My friend CoCo Loupe has been posting some of her inspiration on her dance blog, and I’ve been loving this graffiti ever since it first caught my eye a few weeks ago. Nothing like a little message saying you’re on the right path . . .

After returning from Adama in Mizpe Ramon, I filled my week with classes (mostly Gaga, at the Suzanne Dellal Center), lots of correspondence, and audio editing. I was supposed to travel up north yesterday to visit the Kibbutz Contemporary Dance Company but sadly was knocked out by a 24-hour bug (spoiled soy milk? hummus gone bad?). Hopefully I’ll make it up there after the chag - the holiday. Passover, better known here as Pesach, begins on Saturday night with the festive seder meal and will continue for 7 days (as opposed to 8 in the Diaspora - 1 less day of eating matzah!). Even though people in Tel Aviv - and, for that matter, in the contemporary dance scene - tend to be secular, the words on everybody’s lips right now are “after the chag.” Can we meet? “This week is too hectic; maybe sometime after the chag.” When can I set up an interview? “Give me a call after the chag.” Right now people are gearing up for the big family get-togethers, and next week many Israelis take vacation. I guess it’s a good opportunity for me to slow down as well!

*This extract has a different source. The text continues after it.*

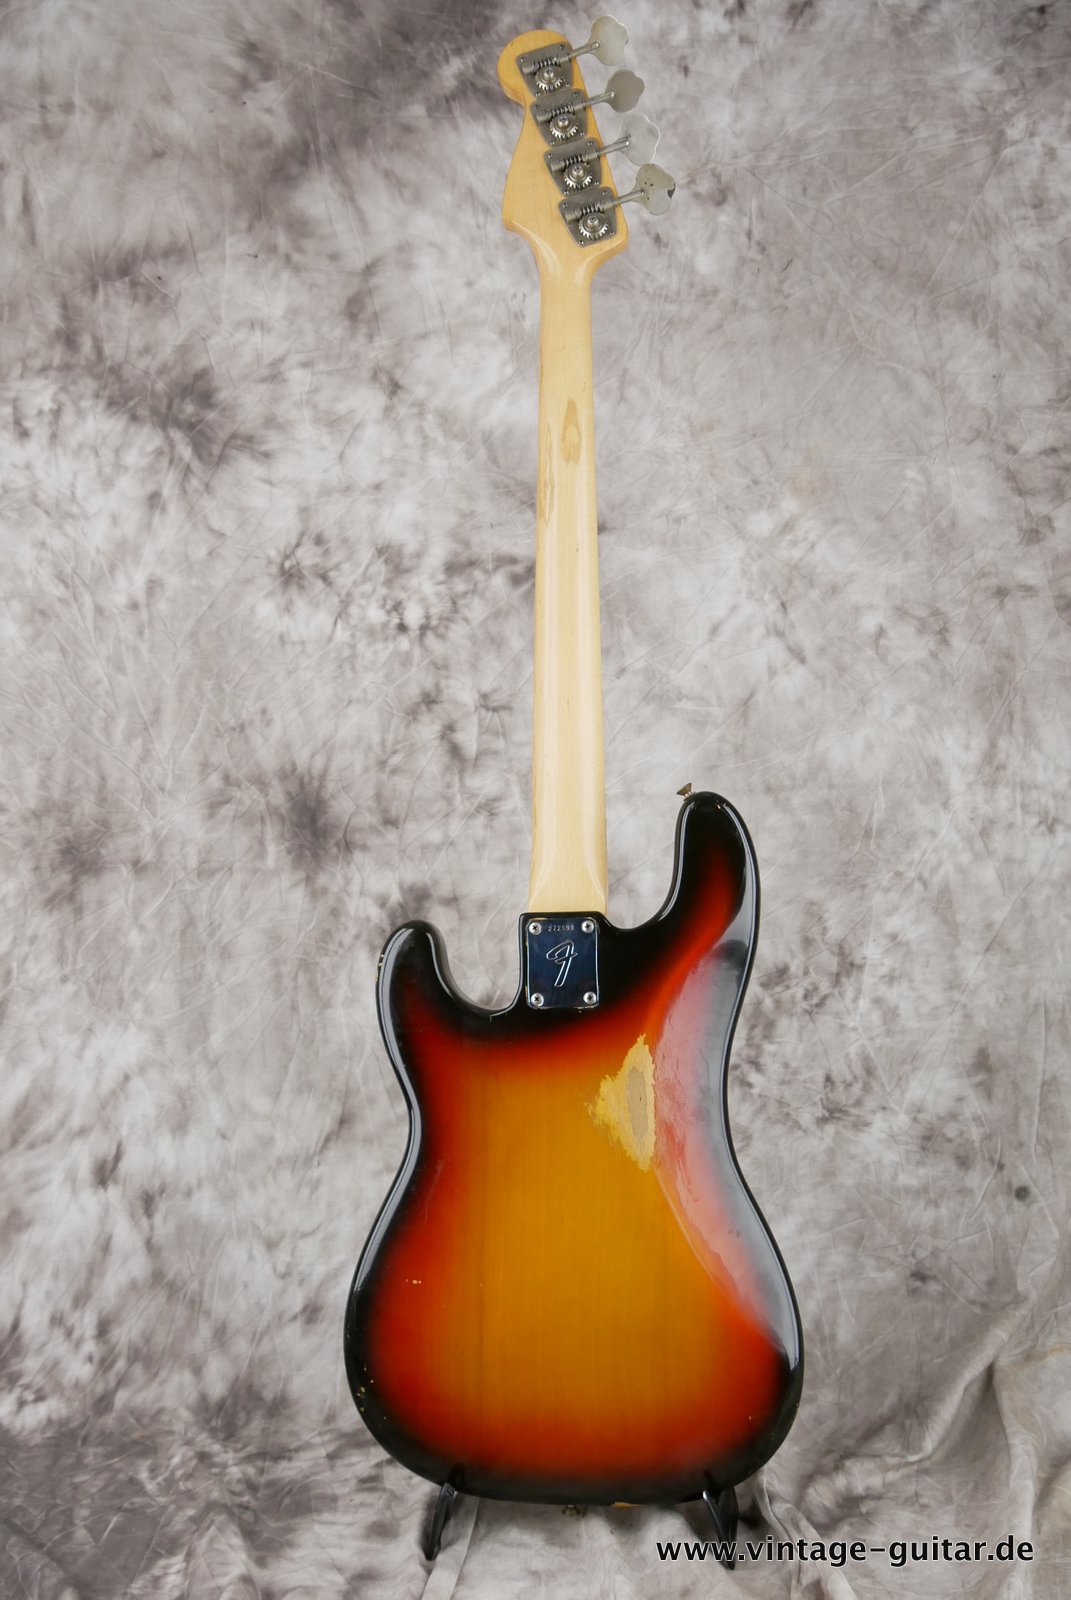 Fender-Precision-Bass-sunburst-1969-003.JPG

I hadn’t planned on turning this into a long analytical post, but as I’m writing, I realize that there is some meat to chew on here. Some of the questions I’ve been pondering are “What is Israeli about Israeli contemporary dance?” and “What (if anything) is Jewish about Israeli contemporary dance?” As in the rest of Israeli society, I’ve found that the rhythms in Israeli concert dance are tied to Jewish patterns. Right now I’m not talking about musical rhythms but calendar rhythms. Is it a coincidence that Suzanne Dellal’s main offering this week - while Israelis are preparing for Pesach - is not an array of Israeli companies but a festival of French dance (Connexion Francaise 2)? The link between programming schedules and Jewish schedules is evident on a weekly basis. On Friday evenings, at the start of Shabbat the pace of life slows down and many Israelis gather for family dinners, some with the religious traditions of the Sabbath and some without. There’s an amazing lull during Shabbat dinner even in secular Tel Aviv; public transportation is shut down, few cars drive through the streets even at the busiest intersections, shops are closed, and the restaurants which remain open appear to be frequented by family groups. Friday night is, of course, a prime evening to go to the theater - but here in Tel Aviv, Friday performances typically begin at 10:00 p.m. so that Israelis can attend after their family meals. There are occasionally matinee performances on Saturday, Shabbat, but far fewer than there are either Saturday or Sunday matinees in the U.S. (I should clarify that the weekend here is Friday-Saturday rather than Saturday-Sunday, and for some people, Friday is a 1/2 day of work or school which ends early because of the approaching Sabbath). I haven’t examined performance schedules in Jerusalem, but I would imagine that there are even fewer concerts over the course of Shabbat there than in Tel Aviv; it’s hard enough to find open restaurants on Friday nights and Saturdays in the city’s Jewish neighborhoods!

I don’t know how much Israelis think about this - after all, by now even I’m used to this schedule - but I remember just how strange it felt to peruse the performance calendars when I first arrived. Then again, I rarely used to consider how the Christian calendar influenced theater schedules in the U.S. I’ll leave you with a historical tidbit:

The 1879 Blue Law prohibited certain forms of entertainment on Sundays in America. Since theaters were typically booked during the week for musical and dramatic productions, Sundays were often the only days that venues were available for dancers. Four dancers (Margaret Severn, Paul Haakon, Harald Kreutzberg, and Yvonne Georgi) were arrested and fined after a Sunday performance in early 1930, but led by Agnes de Mille and Helen Tamiris, the Concert Dancers League successfully persuaded New York lawmakers that dance was not expressly forbidden by the terms of the 19th century law. Thus began the path to Sunday dance concerts in the U.S. Interesting, isn’t it?